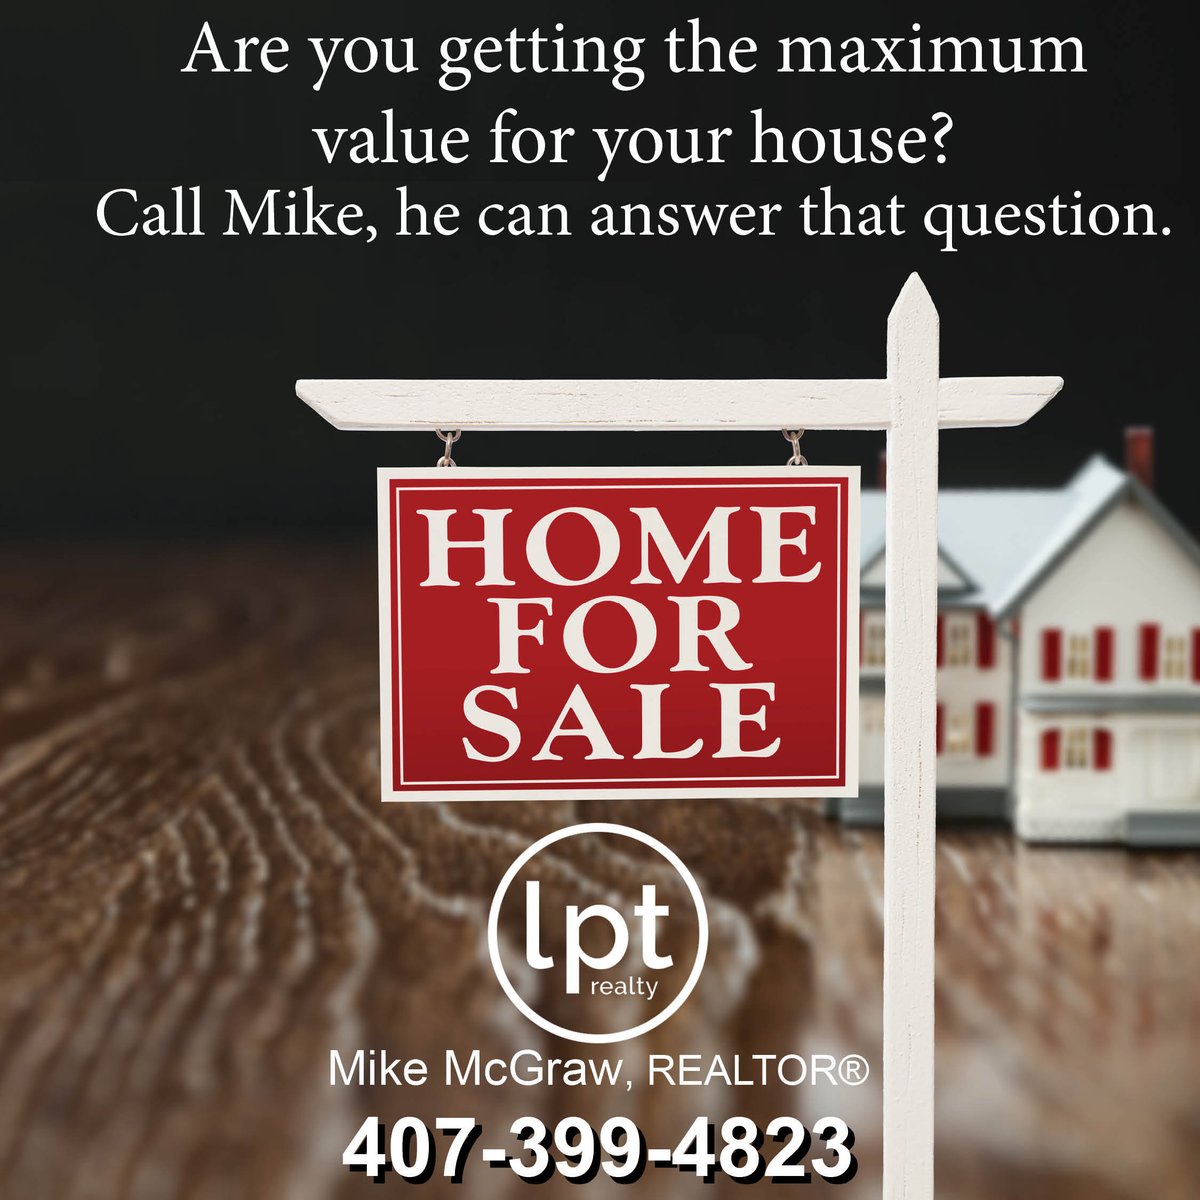 Are you getting the maximum value for your home?
Call or text me at 407-399-4823. I'm ready to get to work for you.

#LPTRealty #LPTRealtyProud #Orlandorealestate #Apopkarealestate #RealEstate #Realtor
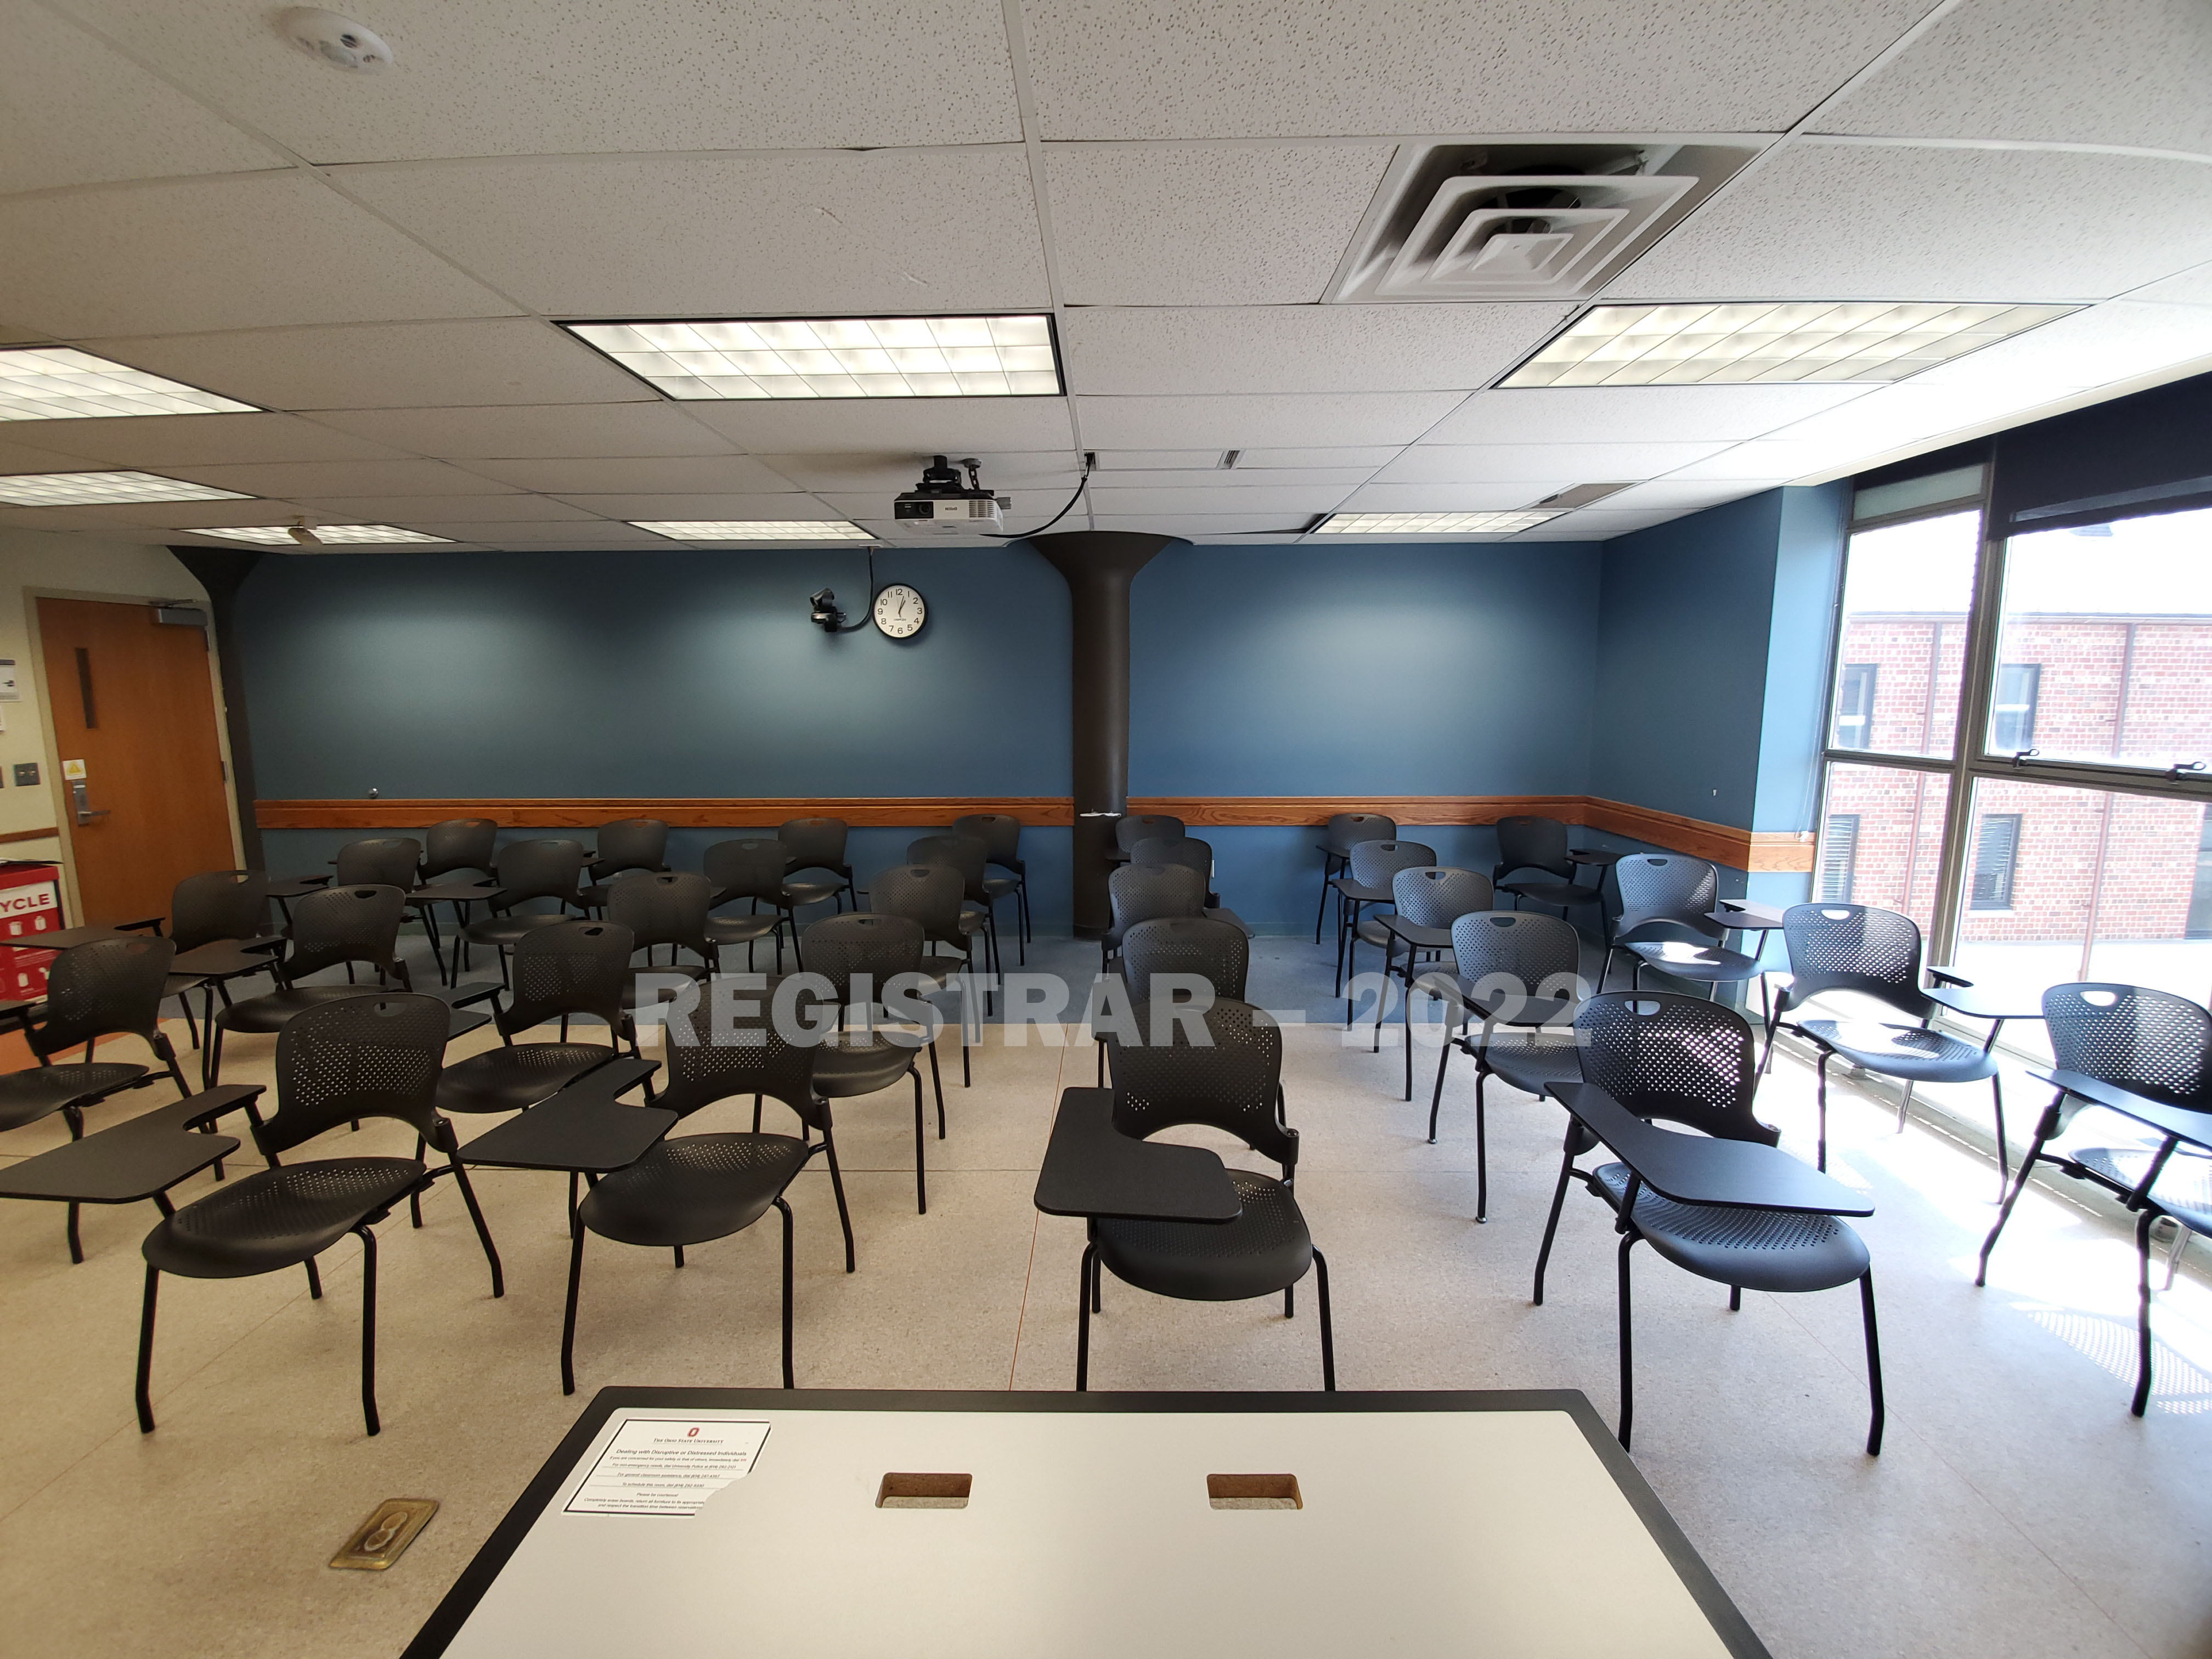 Enarson Classroom Building room 358 ultra wide angle view from the front of the room

_Task prompt_
Give back the full listing above word for word, and let no picture through.

_Worked solution_
 Are you getting the maximum value for your home?
Call or text me at 407-399-4823. I'm ready to get to work for you.

#LPTRealty #LPTRealtyProud #Orlandorealestate #Apopkarealestate #RealEstate #Realtor
 Enarson Classroom Building room 358 ultra wide angle view from the front of the room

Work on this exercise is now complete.